Curcumin is used worldwide in different forms for anti-inflammatory, anticancer, antiviral, antioxidant properties among many other health benefits, scientifically proven in clinical research:

Anti-inflammatory

Curcumin is a natural anti-inflammatory agent that can interact with a wide range of molecular targets involved in inflammation. Research shows that Curcumin is a highly pleiotropic molecule that decreases inflammation by interacting with a variety of inflammatory processes. It has shown to not only regulate the expression of inflammatory cytokines such as TNF-, IKK kinase, IL-6, and IL-8 (Kim et al., 2011), but it also increases the activity of numerous antioxidant enzymes such as catalase, superoxide dismutase, and glutathione peroxide (Henrotin et al., 2010). It has been shown to possess excellent free radical scavenging properties (Sreejayan & Rao, 1997; Ak & Gülçin, 2008.

Anticancer

Curcumin's chemotherapeutic potential has been extensively studied, and it has demonstrated significant anticancer effects against a variety of cancers, including prostate cancer, breast cancer, colorectal cancer, pancreatic cancer, and head and neck cancer.

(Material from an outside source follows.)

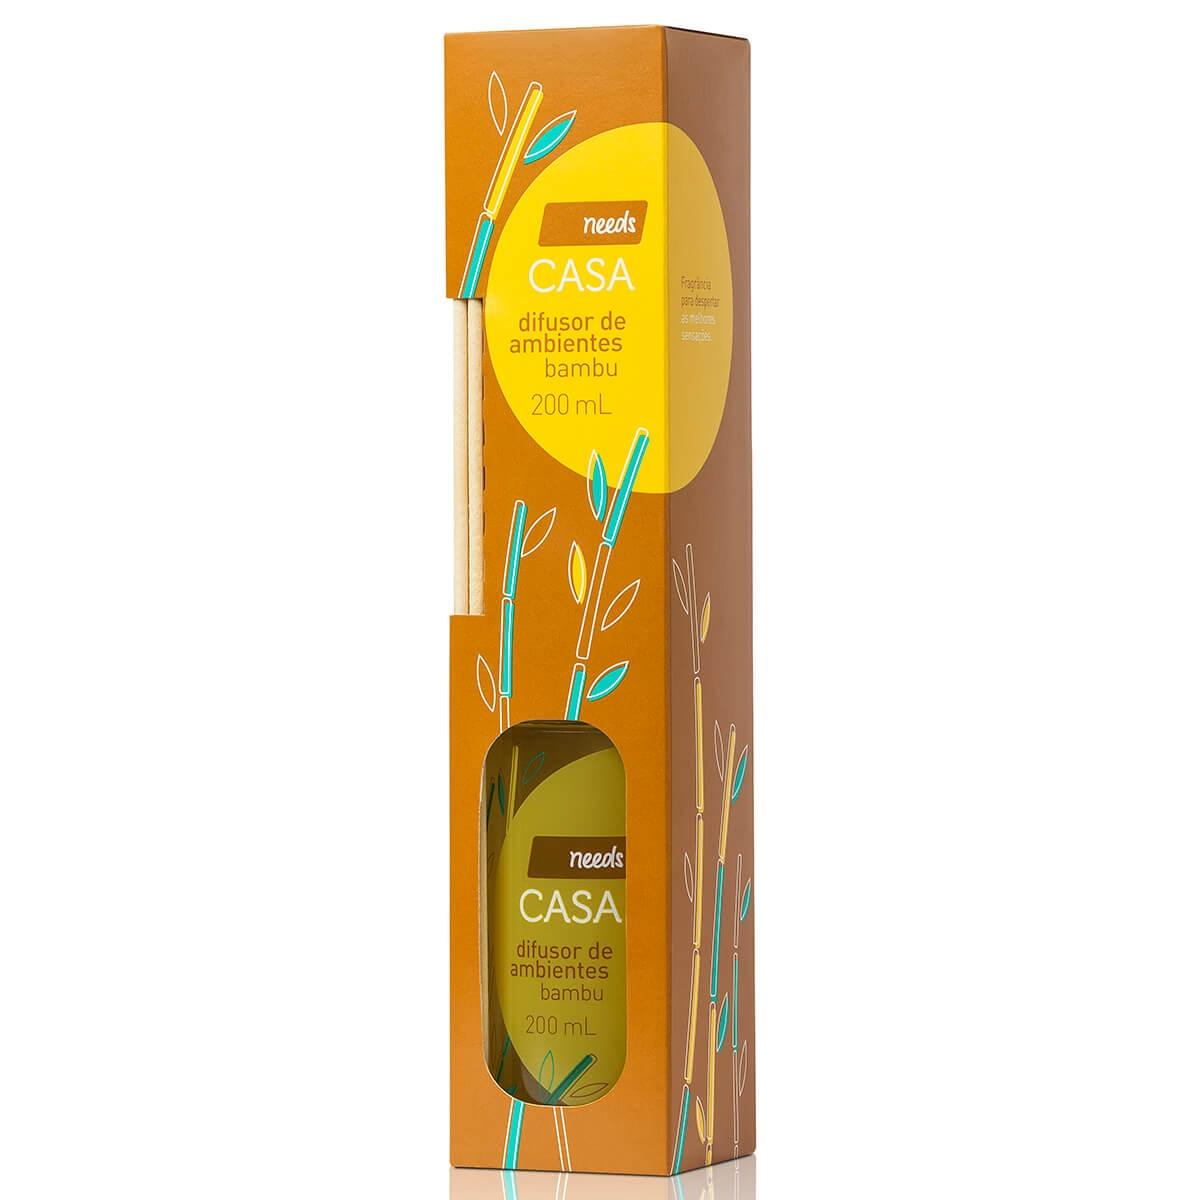 Difusor de Ambientes Needs Casa Bambú 200ml

The tumorigenesis of the skin, oral cavity, mammary gland, oesophagus, stomach, intestine, colon, lung, and liver have been shown to be suppressed by curcumin (Huang et al., 1988; Kuttan et al., 1985, 1987; Ushida et al., 2000). Curcumin has also been shown in in-vitro and in-vivo studies to prevent carcinogenesis by influencing two primary processes: angiogenesis and tumour growth (Lutgendorf et al., 2007) .

Anti-viral activity

Curcumin as a plant derivative that has been shown to have antiviral activity against a variety of viruses, including papillomavirus, influenza virus, Hepatitis B virus, Hepatitis C virus, adenovirus, coxsackie virus, Human norovirus, Respiratory syncytial virus, and Herpes simplex 1. (Rathore et al., 2022). The most recent study is on the therapeutic potential of curcumin against COVID-19 (Zapanta et al., 2022).

Anti-oxidant

Curcumin has been shown to improve systemic markers of oxidative stress. It can modulate the activity of GSH, catalase, and SOD enzymes active in the neutralization of free radicals (Sahebkar et al., 2015). It can scavenge different forms of free radicals, such as reactive oxygen and nitrogen species (ROS and RNS, respectively) also, it can inhibit ROS-generating enzymes such as lipoxygenase/cyclooxygenase and xanthine hydrogenase/oxidase (Menon & Sudheer, 2007). In addition, curcumin is a lipophilic compound, which makes it an efficient scavenger of peroxyl radicals (Priyadarsini et al., 2003).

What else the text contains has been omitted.